TASK INSTRUCTIONS »
Exactly and only the lines below from the one containing "Royal Mail electric" down to the one containing "Original HW67 Pro" are wanted, both included; please exclude every picture.

SUPPLIED INFORMATION »
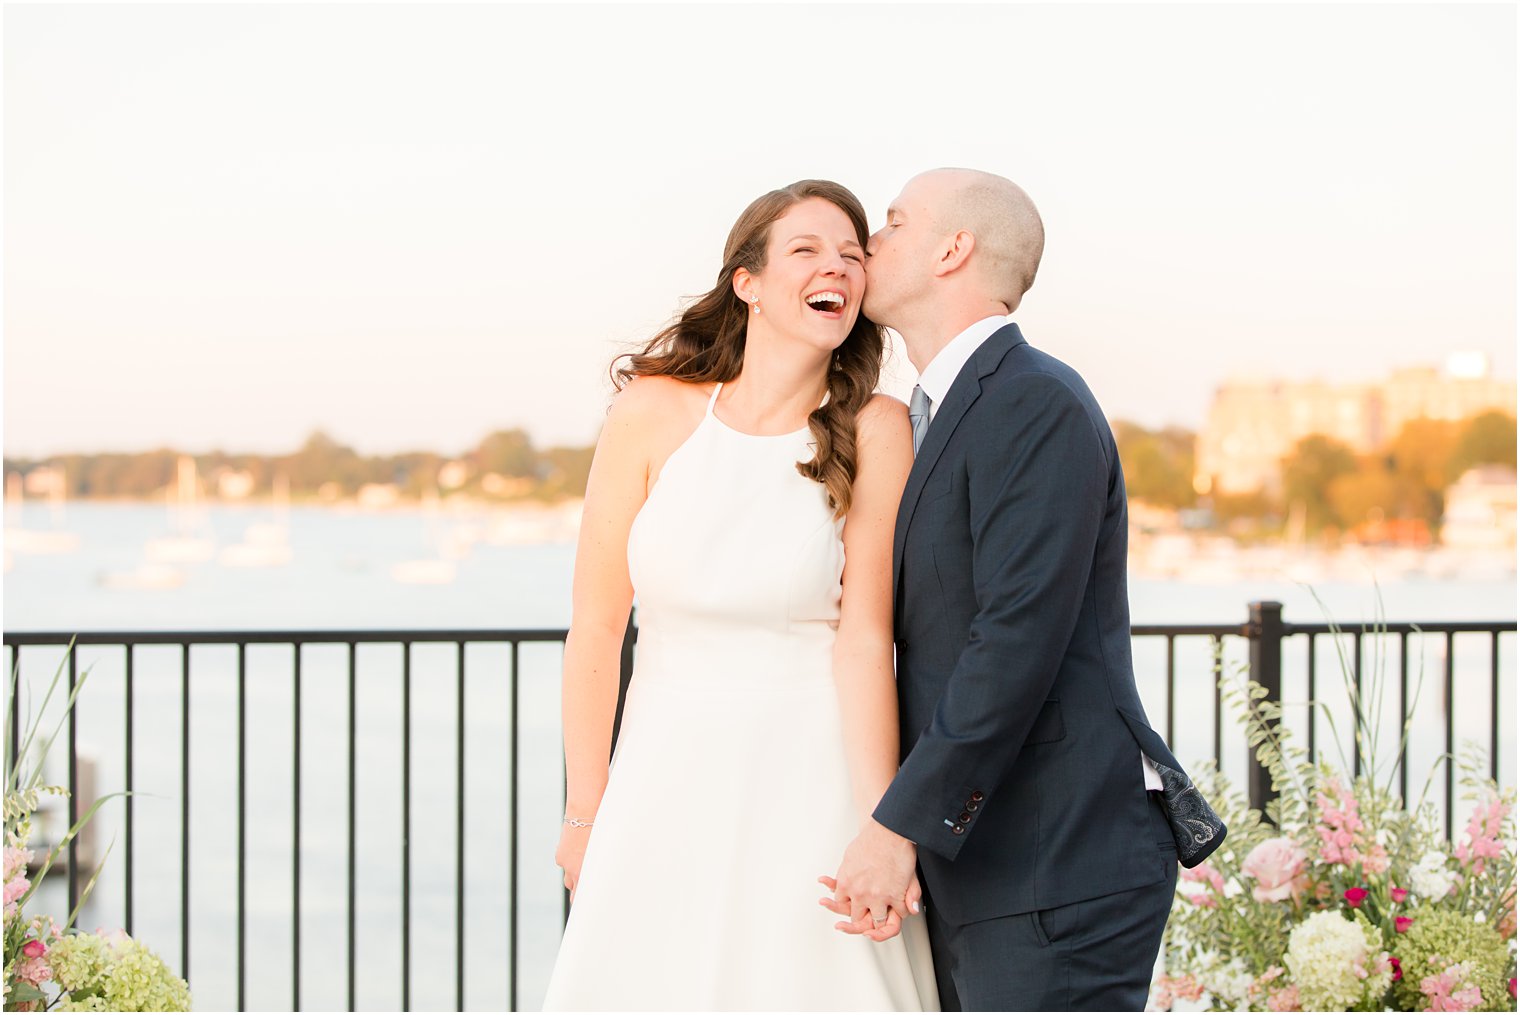 groom kisses bride's cheek during wedding photos in Red Bank NJ
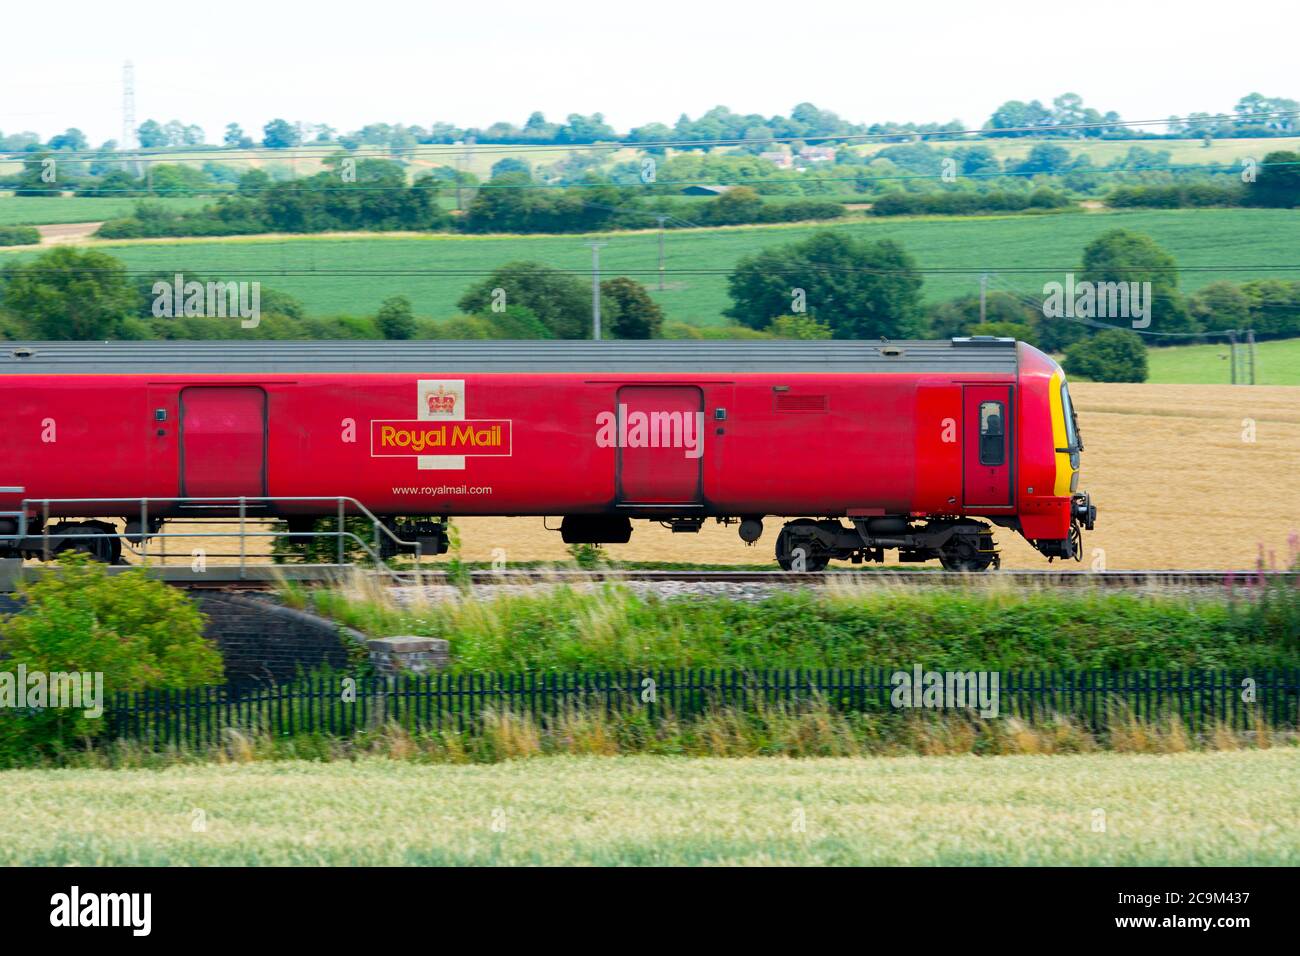 Royal Mail electric multiple unit train on the West Coast Main Line, Northamptonshire, UK Stock Photo
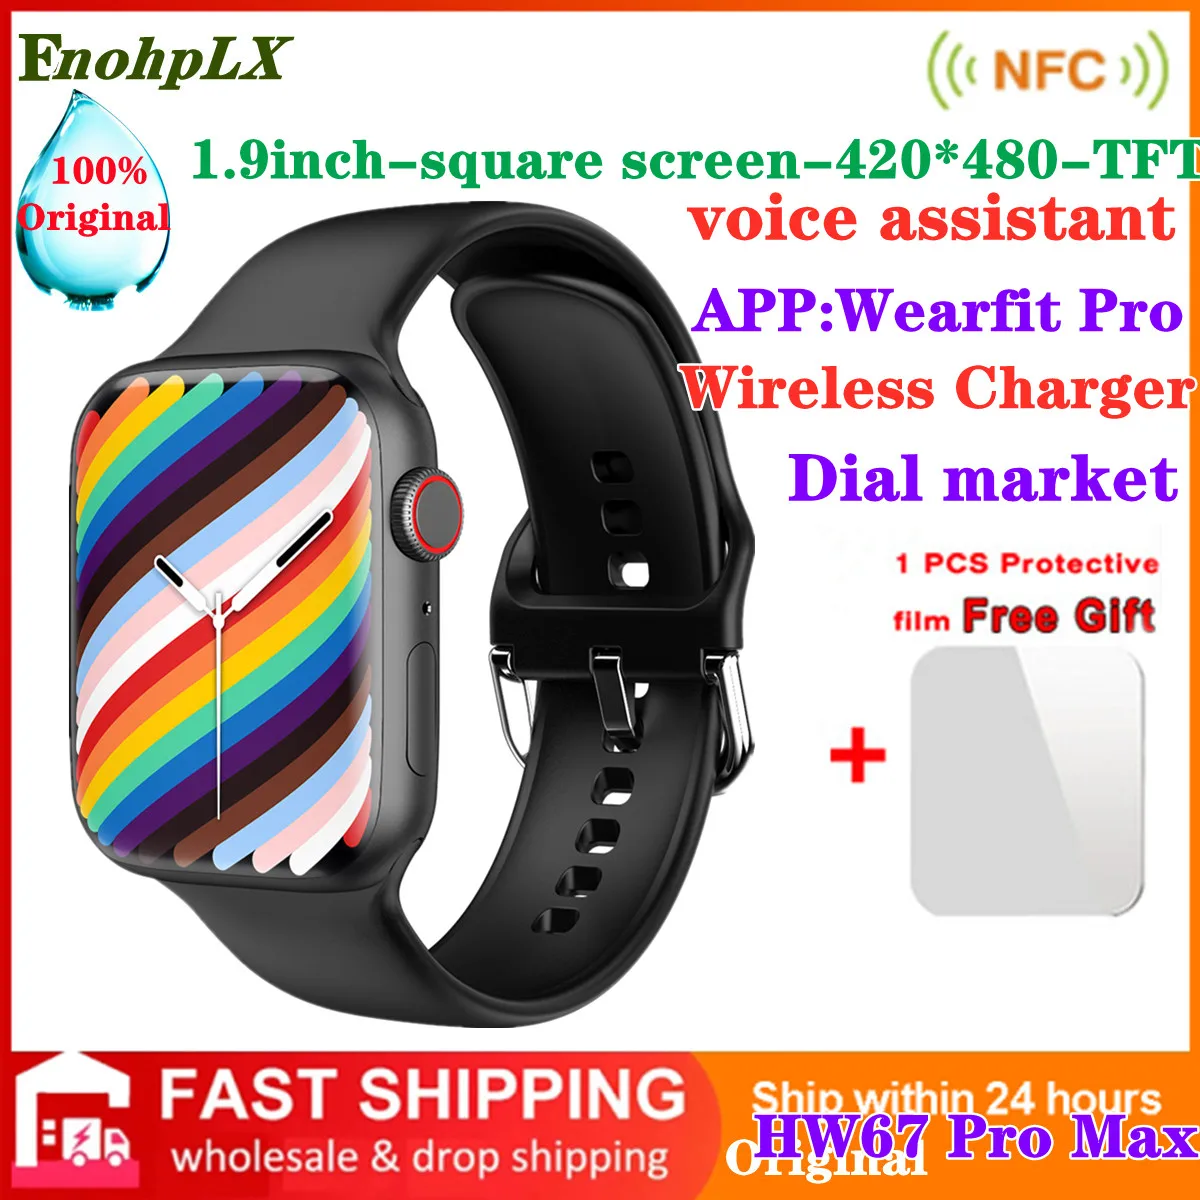 

Original HW67 Pro max Smart Watch Men 1.9 NFC Voice Assistant Payment Bluetooth-Call Smartwatch Women PK iwo W27 HW22 W37 HW57
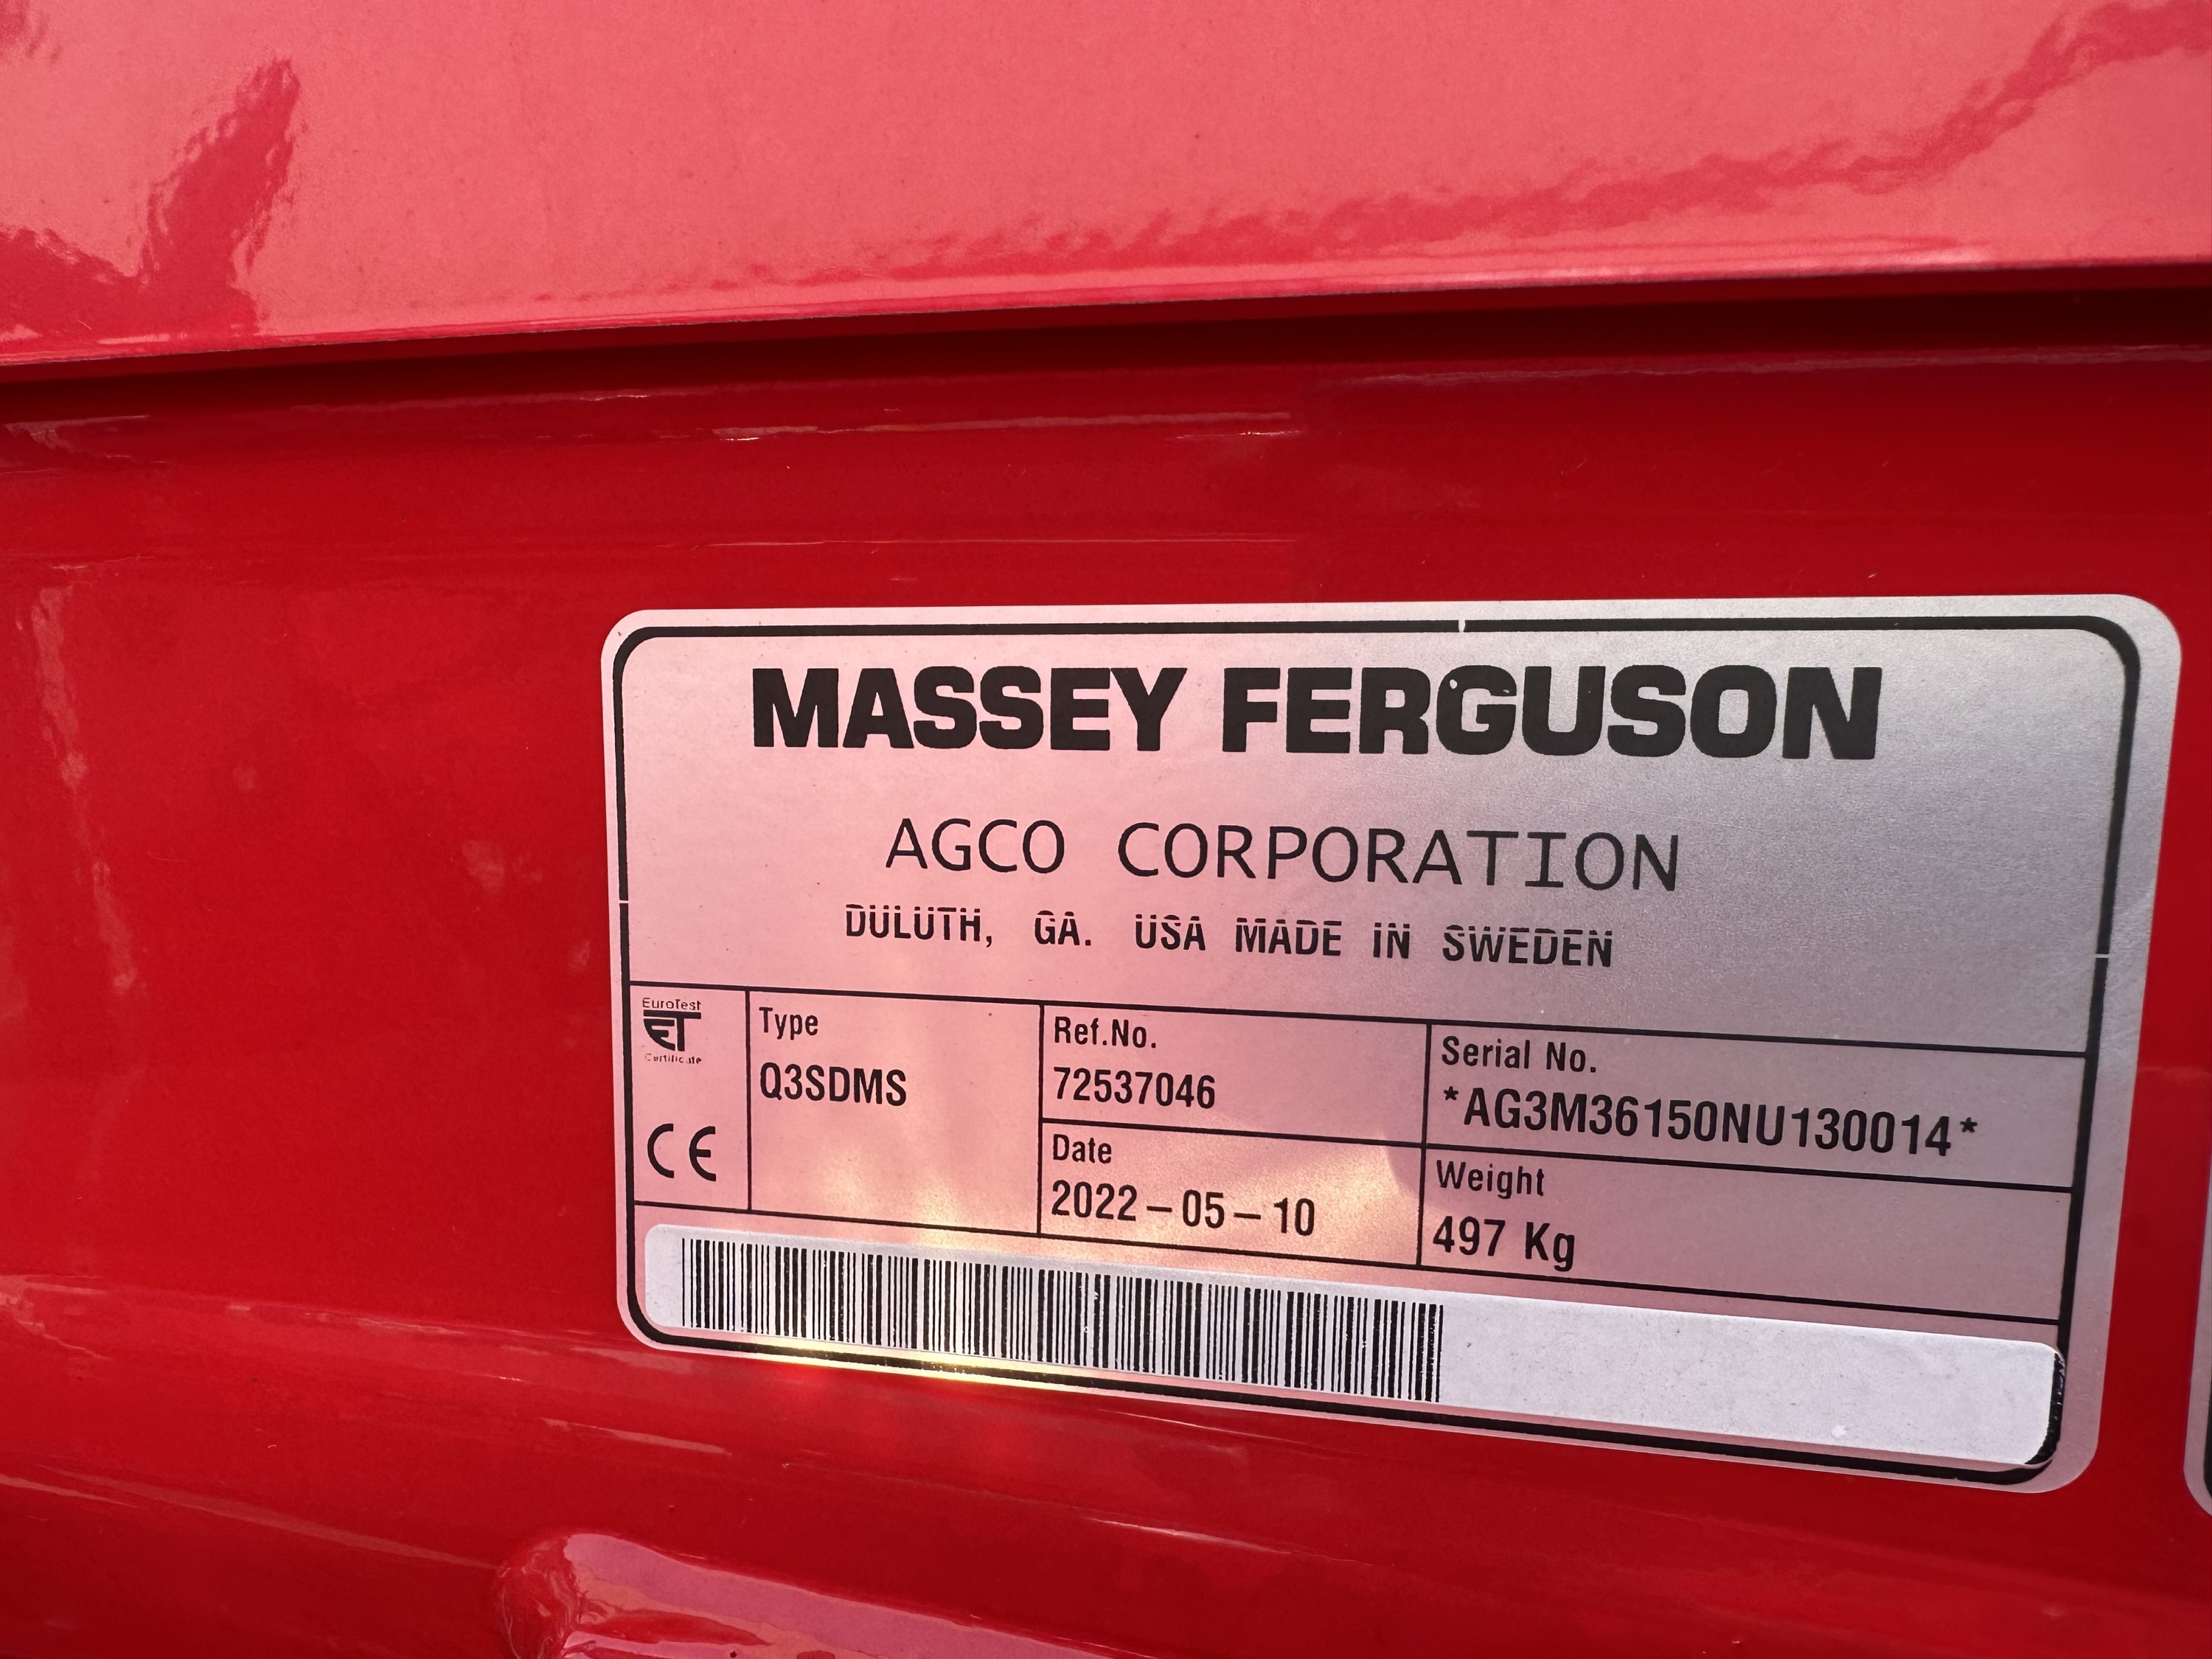 2022 Massey Ferguson 4707 Tractor

SOLVED EXERCISE »
 Royal Mail electric multiple unit train on the West Coast Main Line, Northamptonshire, UK Stock Photo

Original HW67 Pro max Smart Watch Men 1.9 NFC Voice Assistant Payment Bluetooth-Call Smartwatch Women PK iwo W27 HW22 W37 HW57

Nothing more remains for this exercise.